Item 1.01 | Entry into a Material Definitive Agreement |
On March 7, 2024, Microchip Technology Incorporated, a Delaware corporation (the “Company”), issued $1,000,000,000 aggregate principal amount of its 5.050% Senior Notes due 2029 (the “Notes”) in a public offering. The Notes are guaranteed by the Subsidiary Guarantors (as defined below) and were offered and sold pursuant to the Company’s shelf registration statement on Form S-3 (No. 333-277512) (the “Registration Statement”) filed with the Securities and Exchange Commission (the “SEC”) under the Securities Act of 1933, as amended (the “Securities Act”), on February 29, 2024. The net proceeds from the sale of the Notes were approximately $994,730,000 after deducting the underwriters’ discount but before other expenses and will be used for the repayment of a portion of the debt outstanding under the Company’s commercial paper program and the payment of fees and expenses related to the offering of the Notes.

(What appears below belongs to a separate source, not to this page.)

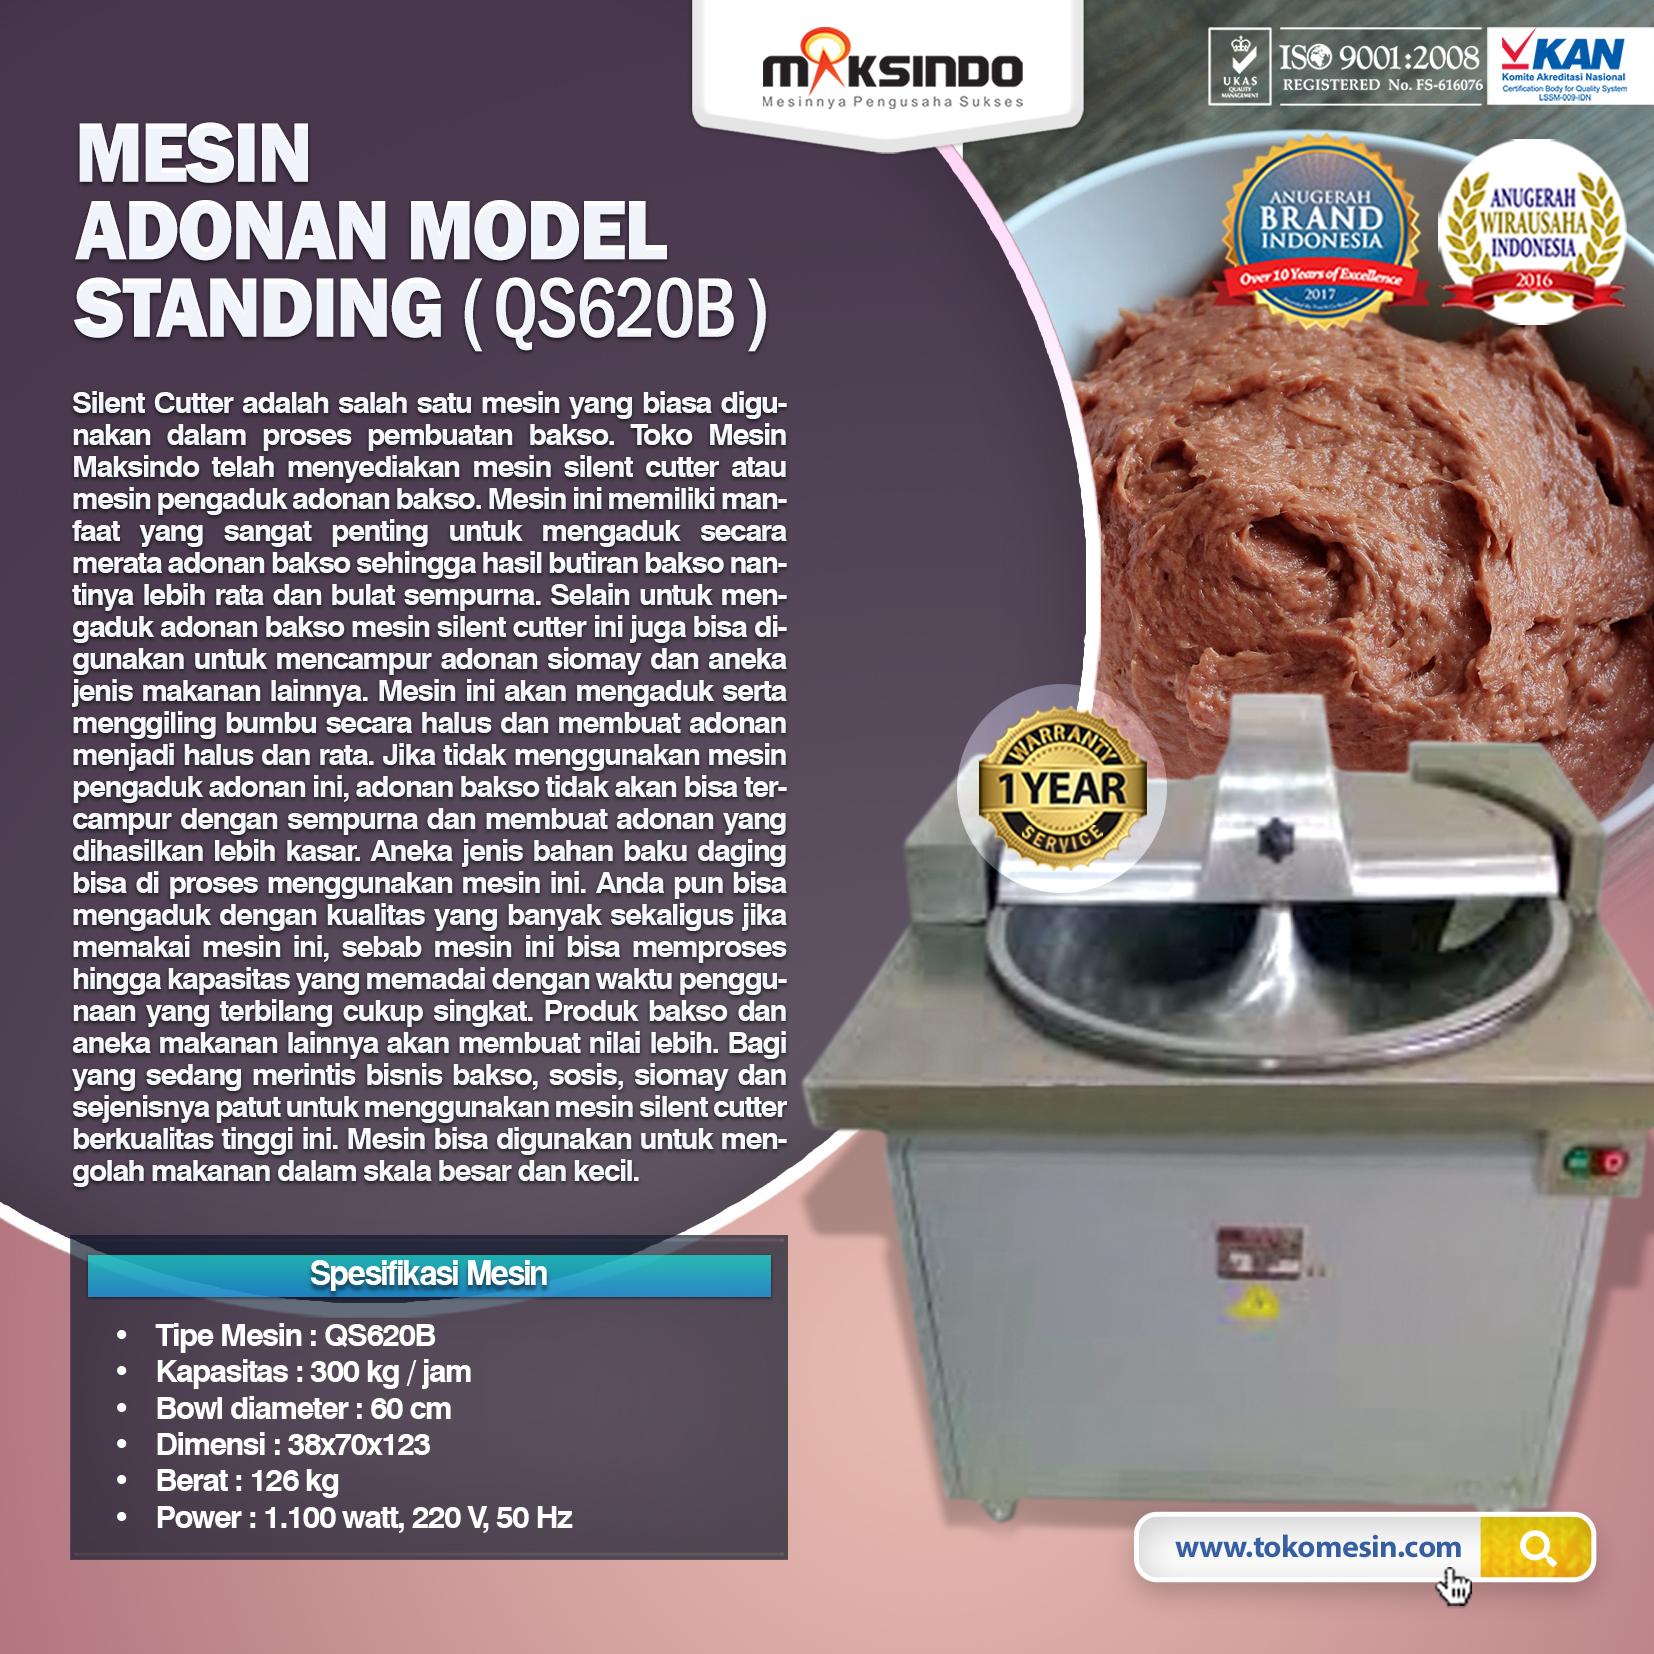 Mesin Adonan Model Standing QS620B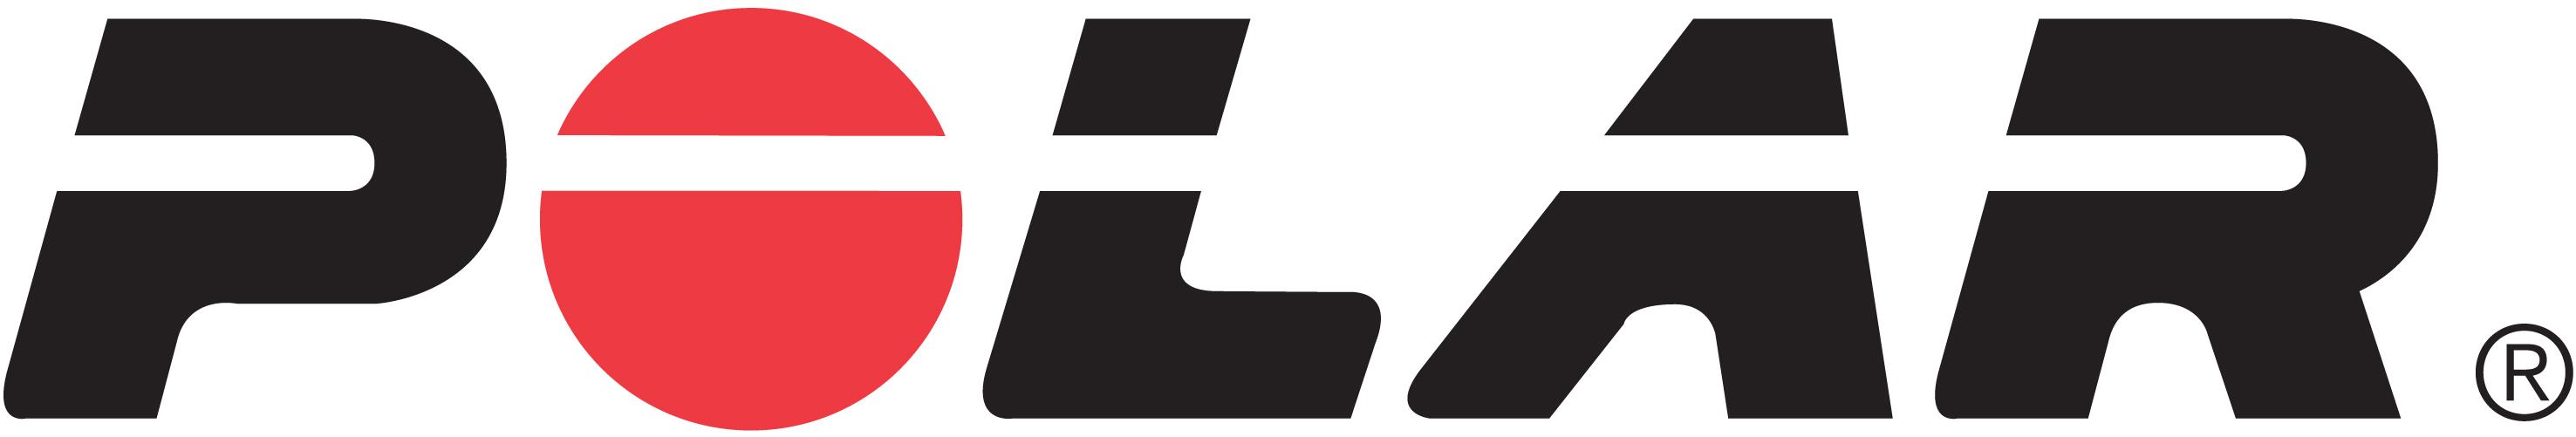 Polar logo wallpapers HD

The Notes are governed by the Indenture, dated as of February 29, 2024 (the “Base Indenture”), between the Company and Computershare Trust Company, National Association, as trustee (the “Trustee”), as supplemented by the First Supplemental Indenture, dated as of March 7, 2024, between the Company, certain subsidiaries of the Company, as guarantors (the “Subsidiary Guarantors”) and the Trustee (the “Supplemental Indenture” and, together with the Base Indenture, the “Indenture”).
The Notes will accrue interest from March 7, 2024 and will mature on March 15, 2029. Interest on the Notes will be payable semi-annually in arrears on March 15 and September 15 of each year, beginning on September 15, 2024.
Prior to February 15, 2029 (the “par call date”), the Company may redeem the Notes at the Company’s option, in whole or in part, at any time and from time to time, at a redemption price (expressed as a percentage of principal amount and rounded to three decimal places) equal to the greater of: (1)(a) the sum of the present values of the remaining scheduled payments of principal and interest on the Notes to be redeemed discounted to the redemption date (assuming that such Notes matured on the par call date), on a semi-annual basis (assuming a 360-day year composed of twelve 30-day months) at a rate equal to the Treasury Rate (as defined in the Supplemental Indenture), plus 15 basis points, less (b) interest accrued to the date of redemption; and (2) 100% of the principal amount of the Notes to be redeemed; plus, in either case, accrued and unpaid interest on the Notes to the redemption date. On or after the par call date for the Notes, the Company may redeem the Notes in whole or in part, at any time and from time to time, at a redemption price equal to 100% of the principal amount of the Notes being redeemed, plus any accrued and unpaid interest thereon to the redemption date.
Upon the occurrence of a change of control repurchase event with respect to the Notes, the Company must offer to repurchase all or any part of the Notes at a price in cash equal to 101% of the aggregate principal amount of the Notes repurchased, plus any accrued and unpaid interest to, but excluding, the repurchase date.
The Indenture contains limited affirmative and negative covenants of the Company, each of which is subject to a number of limitations and exceptions in the Indenture. The negative covenants restrict the Company’s and certain of its subsidiaries’ ability to incur liens on Property (as defined in the Indenture); to engage in sale and lease-back transactions with respect to any Property; and the Company’s ability to consolidate, merge or convey, transfer or lease all or substantially all of the Company’s properties and assets.
The Notes are and will be guaranteed by each of the Company’s existing and future subsidiaries that is or becomes an obligor under the Senior Credit Facilities (as defined in the Supplemental Indenture). Atmel Corporation, Microchip Holding Corporation, Microchip Technology LLC, Silicon Storage Technology, Inc., Microsemi Corporation, and Microsemi Storage Solutions, Inc. will be the initial Subsidiary Guarantors.
The foregoing description of the Base Indenture, the Supplemental Indenture and the Notes do not purport to be complete and are qualified in their entirety by reference to the full text of the Base Indenture, which was filed as Exhibit 4.1 to the Registration Statement; and the Supplemental Indenture and the form of global note representing the Notes, which are filed as Exhibits 4.1 and 4.2, respectively, to this Form 8-K and are incorporated by reference herein.